7. The method of claim 1, wherein the respectively performing the action type and the mouth shape type processing on the teaching image in the teaching video to obtain an action type processing result and a mouth shape type processing result of the teaching image, includes:

respectively carrying out action and mouth shape recognition on the teaching images in the teaching video to obtain actions and mouth shapes in the teaching images;

Clustering actions and mouth shapes in each teaching image to obtain at least two actions and at least two mouth shapes;

dividing at least one action into an active action set and dividing at least one action into an inactive action set; and, at least one of the mouth shapes is divided into an active mouth shape set and at least one of the mouth shapes is divided into an inactive mouth shape set.
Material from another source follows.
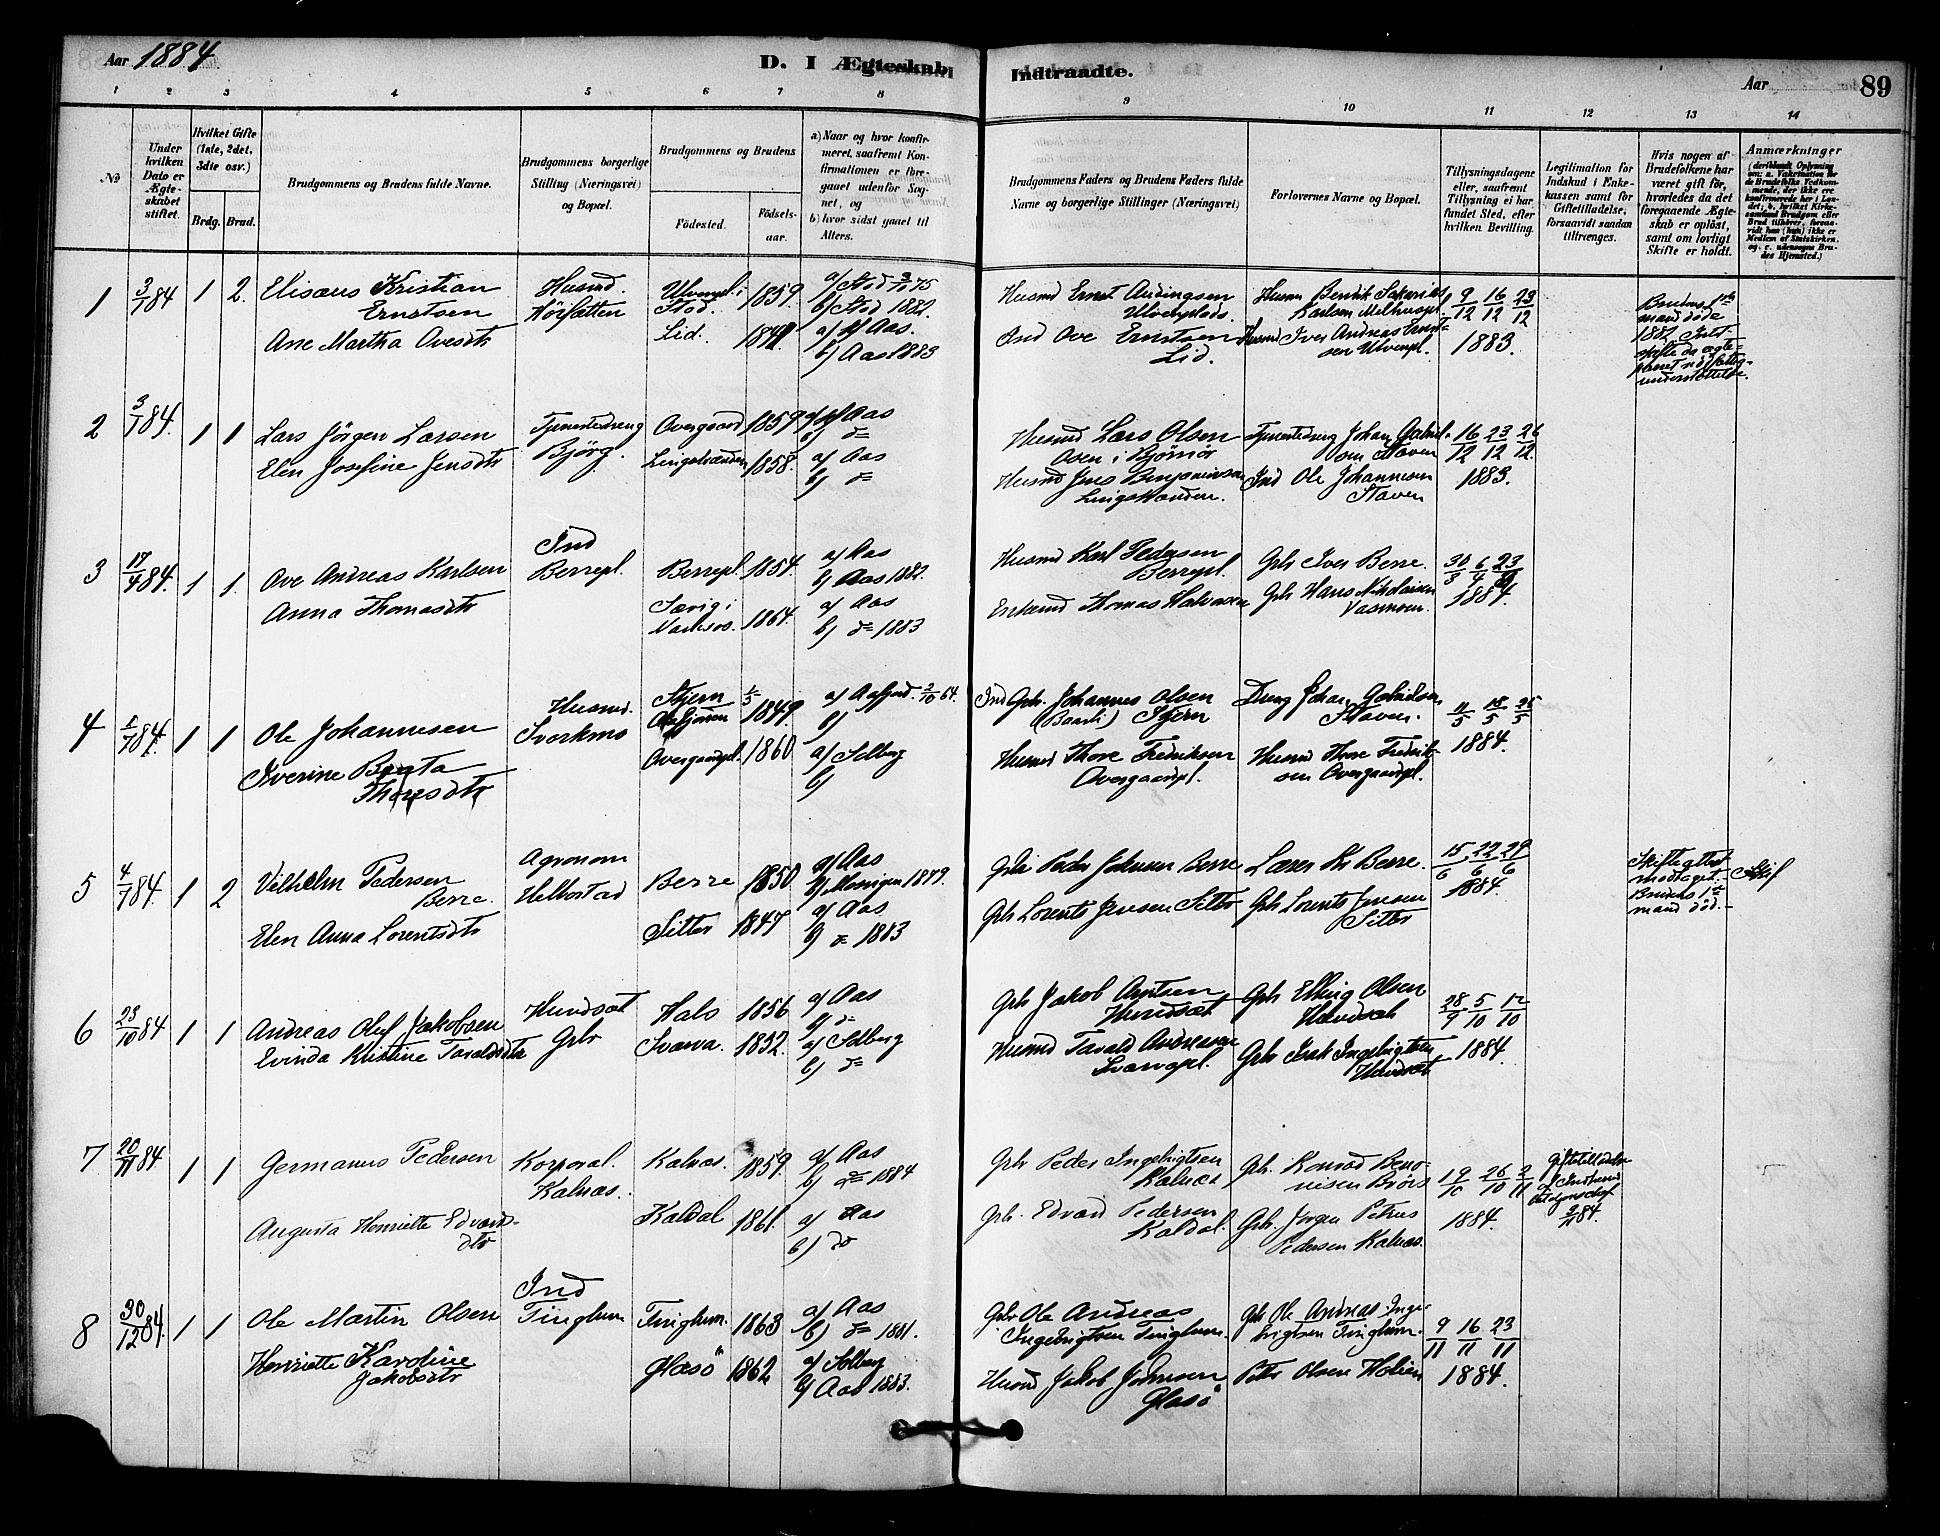 SAT, Ministerialprotokoller, klokkerbøker og fødselsregistre - Nord-Trøndelag, 742/L0408: Ministerialbok nr. 742A01, 1878-1890, s. 89

8. An intelligent processing device for teaching video, comprising:

the action mouth shape processing module is used for respectively processing action types and mouth shapes of teaching images in the teaching video to obtain action type processing results and mouth shape type processing results of the teaching images; the action type is effective action or ineffective action; the mouth shape type is an effective mouth shape or an ineffective mouth shape;

the cross checking module is used for carrying out cross checking on at least two of the language form processing result, the action type processing result and the mouth shape type processing result so as to obtain a teaching video processing result;

Wherein, the cross-checking module includes:

9. The apparatus of claim 8, wherein the linguistic form processing results comprise a set of spoken words and a set of written words; the action type processing result comprises an invalid action set and an effective action set; the mouth shape type processing results include an invalid mouth shape set and a valid mouth shape set.

10. The apparatus of claim 9, wherein the verification unit is specifically configured to:

11. The device according to claim 9, wherein the alignment unit is specifically configured to:

12. The apparatus of claim 8, wherein the language form processing module comprises:

13. The apparatus of claim 12, wherein the spoken word dictionary is determined from historical teaching audio of a user to which the teaching video belongs.

14. The apparatus of claim 8, wherein the action profile processing module comprises:

15. An electronic device, comprising:

at least one processor; and

a memory communicatively coupled to the at least one processor; wherein,

The memory stores instructions executable by the at least one processor to enable the at least one processor to perform the method of any one of claims 1-7.

16. A non-transitory computer readable storage medium storing computer instructions for causing the computer to perform the method of any one of claims 1-7.